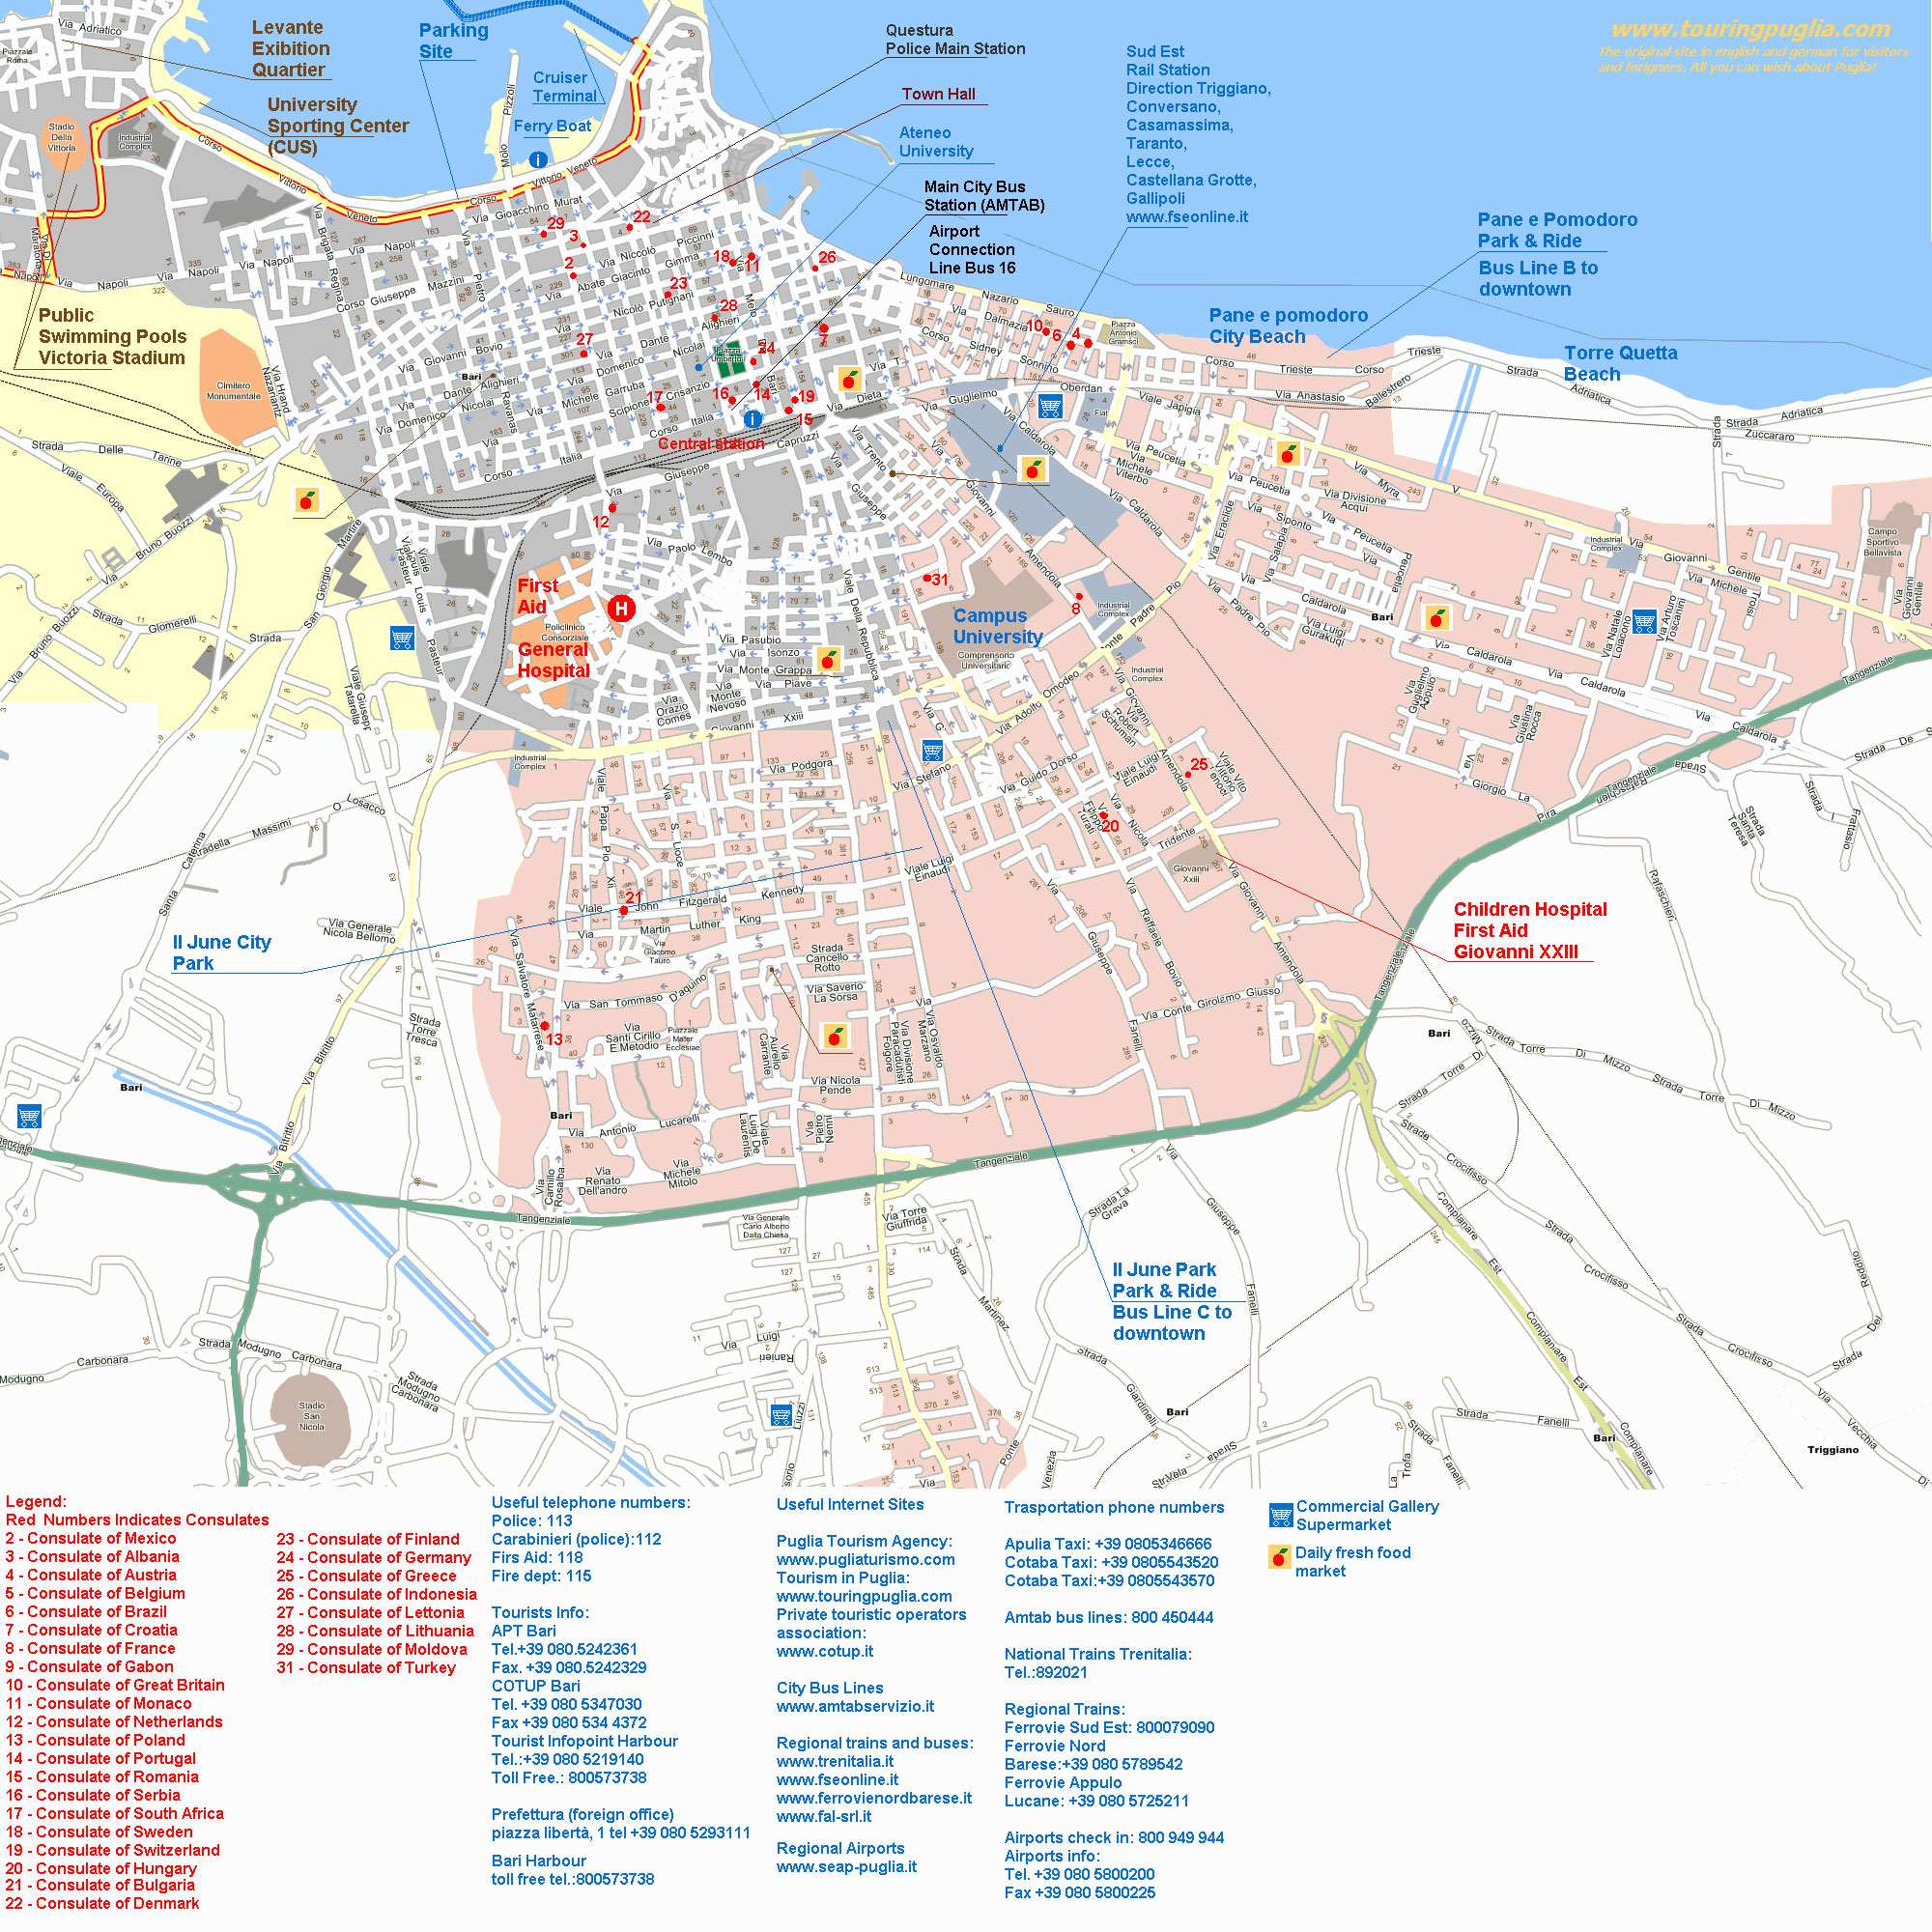 bari tourist map pdf
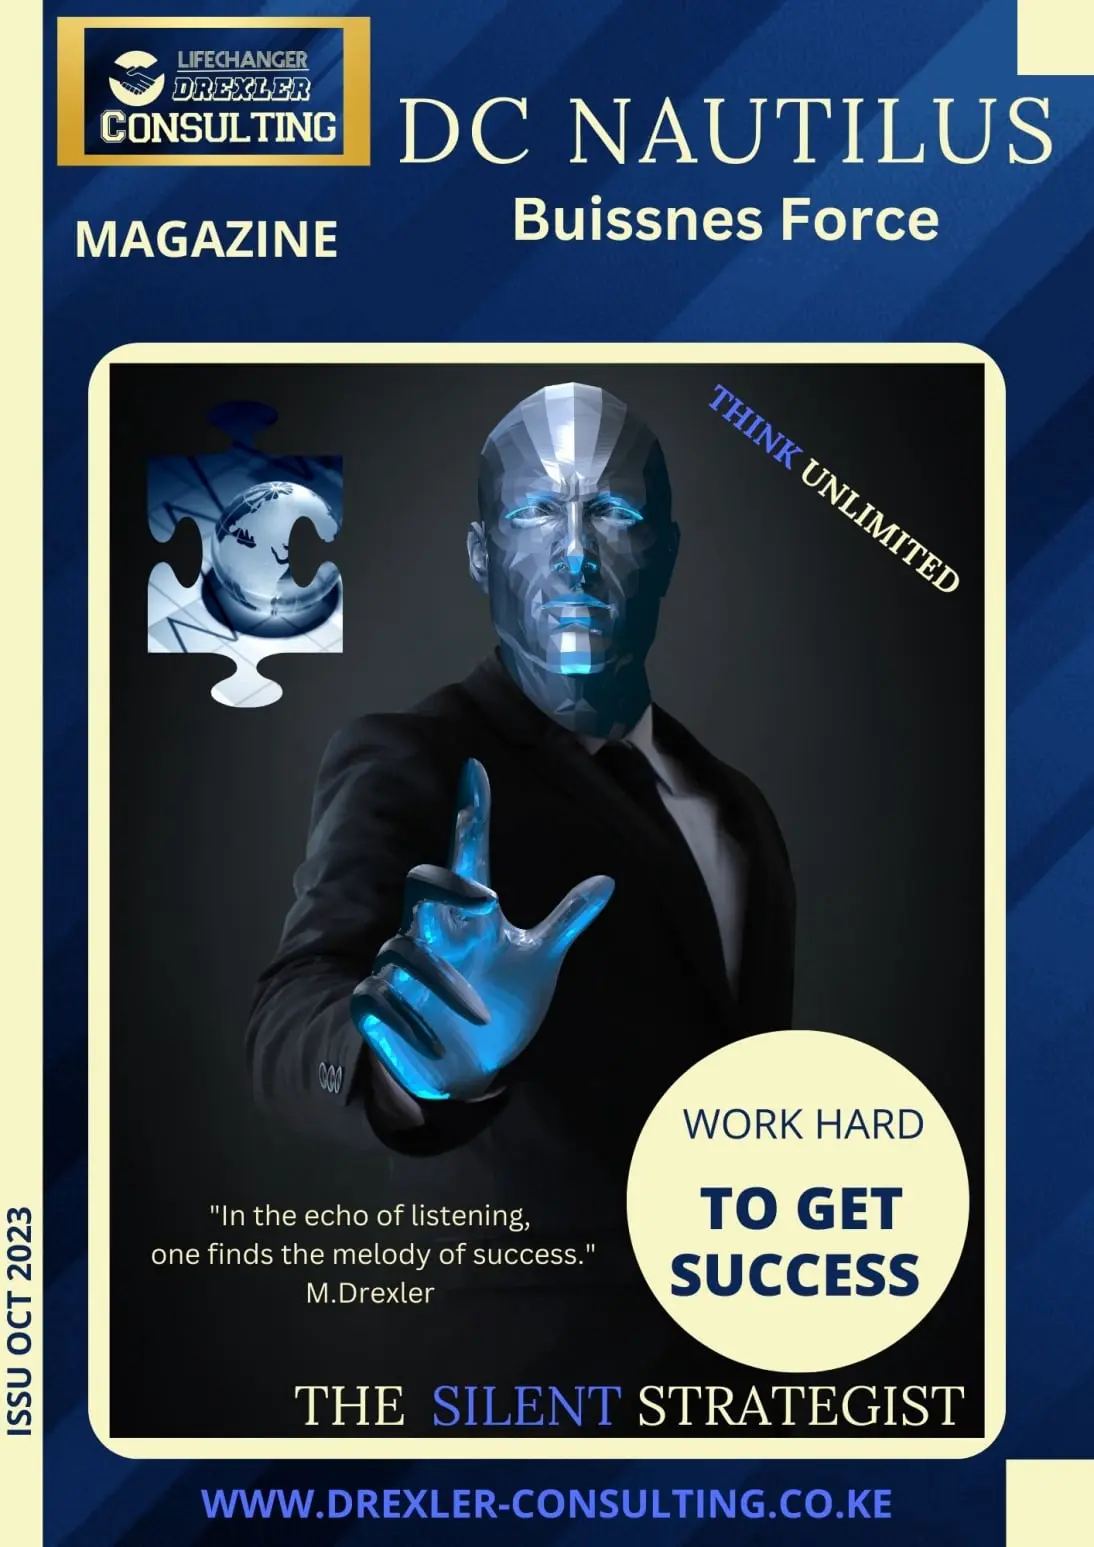 DC Nautilus Buisness Force news magazin, to get success m.drexler
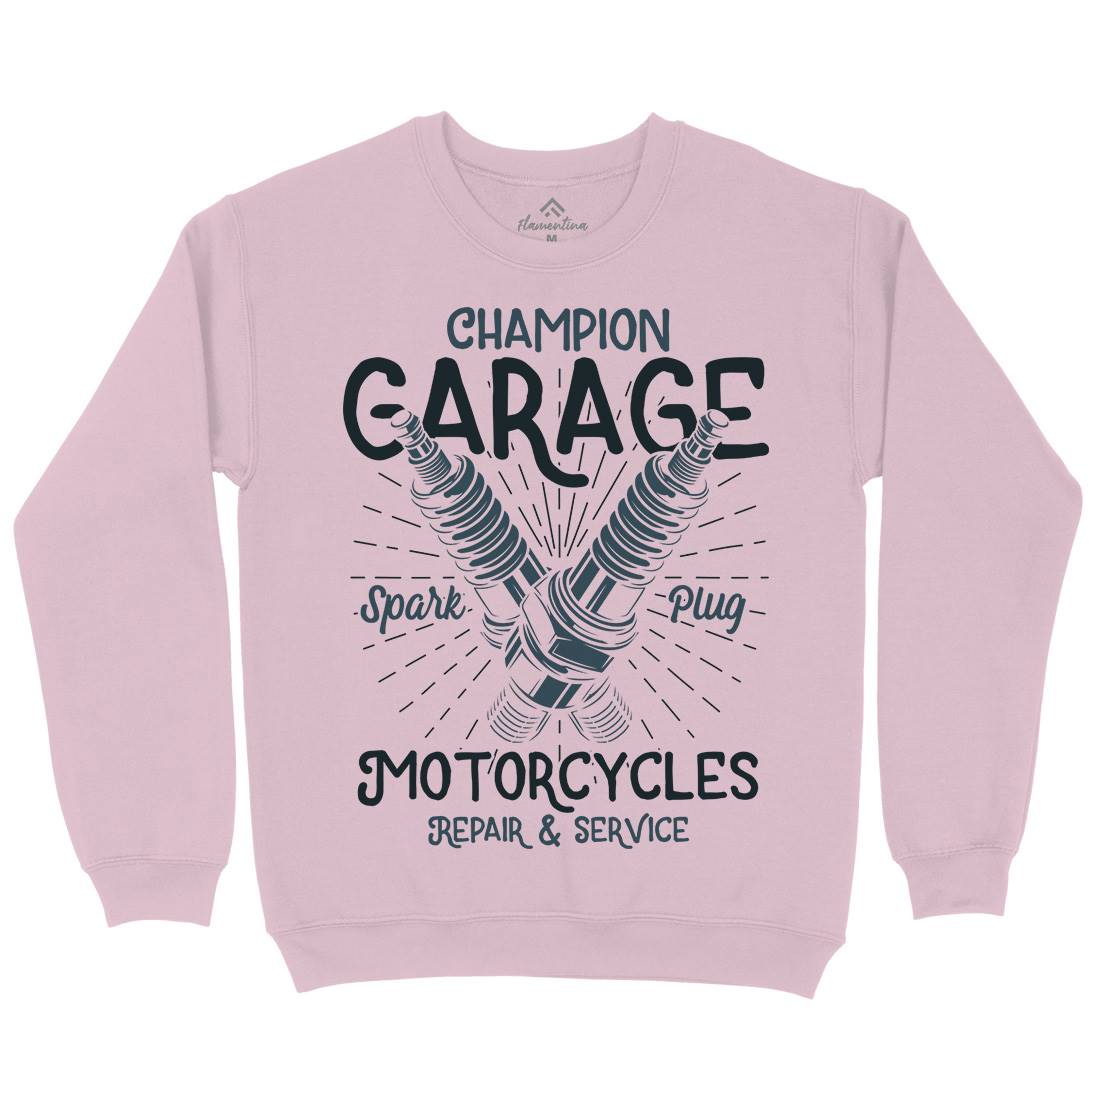 Champion Garage Kids Crew Neck Sweatshirt Motorcycles B835
• • • • • • •
## Activity
Print the material word for word without images.

## Expected answer
 bari tourist map pdf
 DC Nautilus Buisness Force news magazin, to get success m.drexler
 Champion Garage Kids Crew Neck Sweatshirt Motorcycles B835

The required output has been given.